Mientras atestiguo el "duelo", si es que es posible llamarlo así, pienso en la vergüenza que pasaría mi padre, que invirtió todo lo que poseía para que fuera aprendiz del viejo samurái. Su reputación ha viajado por todas las islas del Japón, y se dice que incluso en su retiro, no hay adversario capaz de vencerlo.


El oponente que hoy intenta probar falsa la leyenda es apenas unos años mayor que yo, pero ya posee su propia reputación, pues nunca ha perdido una pelea en su incipiente carrera. Hay quienes lo llaman amoral y tramposo, otros reconocen a regañadientes que es un prodigio para encontrar y aprovechar los errores del adversario. Fue por esa fama que advertí al maestro rechazar su desafío, pero el anciano me ignoró.

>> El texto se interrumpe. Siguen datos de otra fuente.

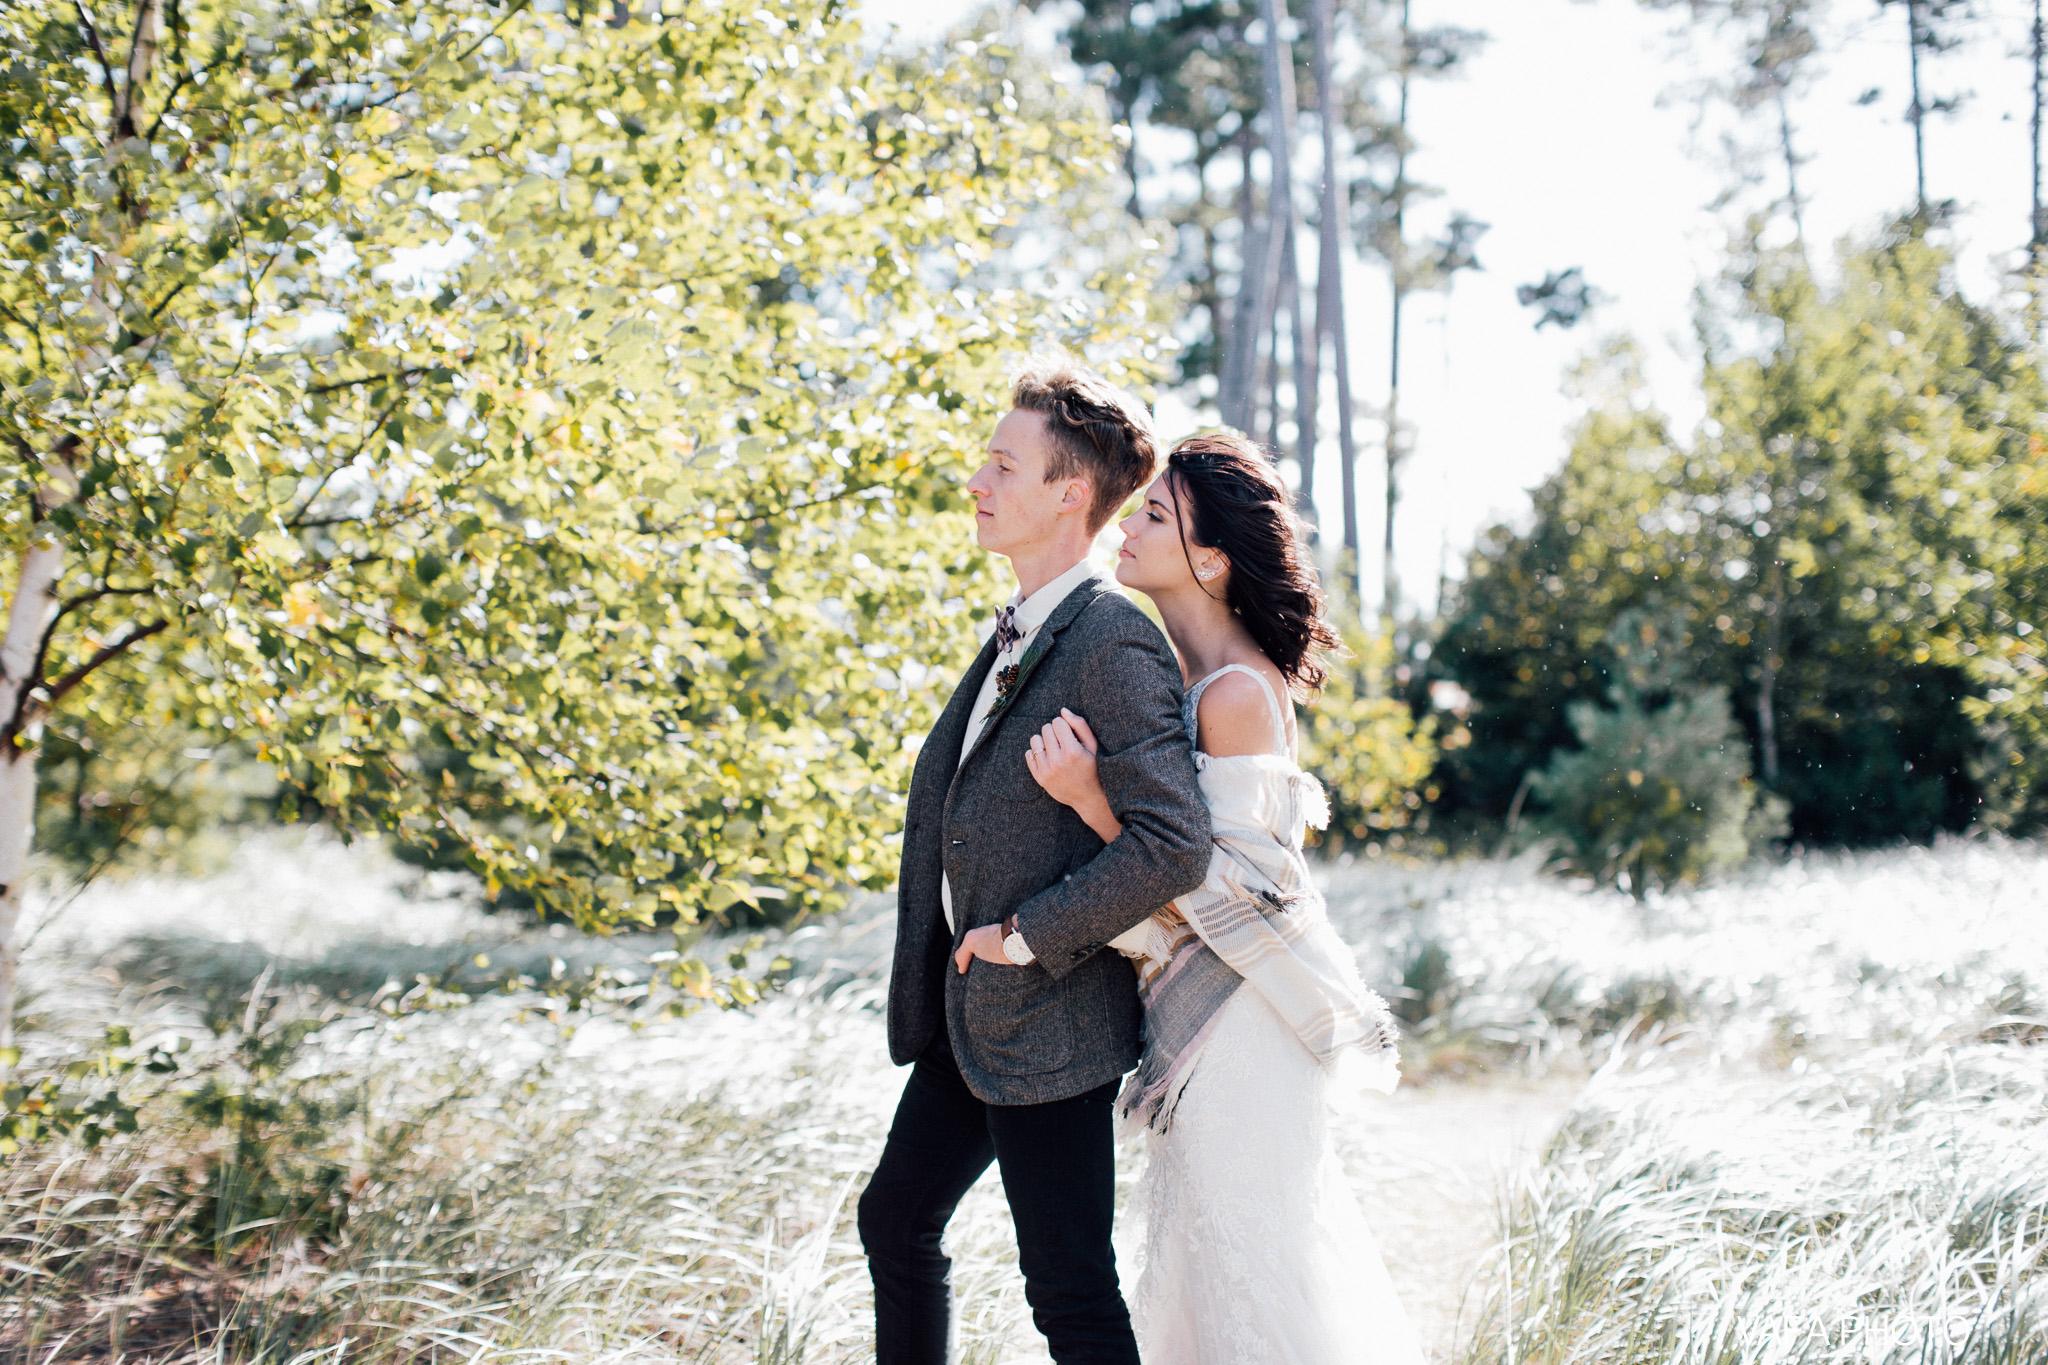 Hogback-Mountain-Wedding-Chelsea-Josh-Vafa-Photo-562.jpg

Lo que pensé sería la más grande demostración del arte de la espada jamás visto, resultó ser una gran decepción. Aquí estoy, en la plaza pública, viendo a mi maestro arrodillado en el suelo, con los ojos cerrados, meditando mientras el retador lanza en su dirección una cantidad impresionante de insultos, dirigidos a su edad, su talento, su vestir, su cuerpo, sobre su reputación. No entiendo como la sangre del viejo no hierve, pues hasta yo me he ofendido en su nombre, pero él no se ha movido; ni siquiera para quitarse de los párpados el escupitajo con el que lo ha "honrado" su oponente.


El sol está a punto de ponerse, y por primera vez, comienzo a notar desesperación en las provocaciones del impetuoso guerrero. Por fin, se acerca al rostro del maestro, y al oído grita un último insulto, esta vez cuestionando el honor de los ancestros del anciano, pero éste sigue sin moverse, ni siquiera para defenderse con palabras. Dos de mis compañeros tienen que sujetarme para que no intervenga, pues interrumpir el encuentro sería una afrenta a ambos contendientes, pero ninguno merece mi respeto. No sé quien es más bajo, quien cuestiona el linaje de quien antaño fue el más prodigioso de los samurái, o un viejo débil que tiene tanto miedo de perder que ni por sus nobles ancestros es capaz de enfrentar a quien lo ha retado.


Llega el crepúsculo y el retador, rojo de ira, patea la arena del lugar del encuentro y se aleja, cansado y humillado. Es claro que se ha rendido, pero nadie corre a felicitar al maestro por su victoria, el aire huele a decepción. Después de un largo silencio, sólo yo me atrevo a hablar:


­­­—¿Qué llevas en la sangre, maestro? Pues es claro que sangre no es. Las palabras del guerrero fueron malvadas e indignas, pero lo que veo ante mí no es más que un anciano aterrado, no a la leyenda de quien he venido a aprender. Si hubieras perdido, ese hombre habría aumentado su fama a espaldas de tu nombre, pero tendrías aún el respeto de tus estudiantes. ¿Por qué no peleaste? ¿Por qué no respondiste?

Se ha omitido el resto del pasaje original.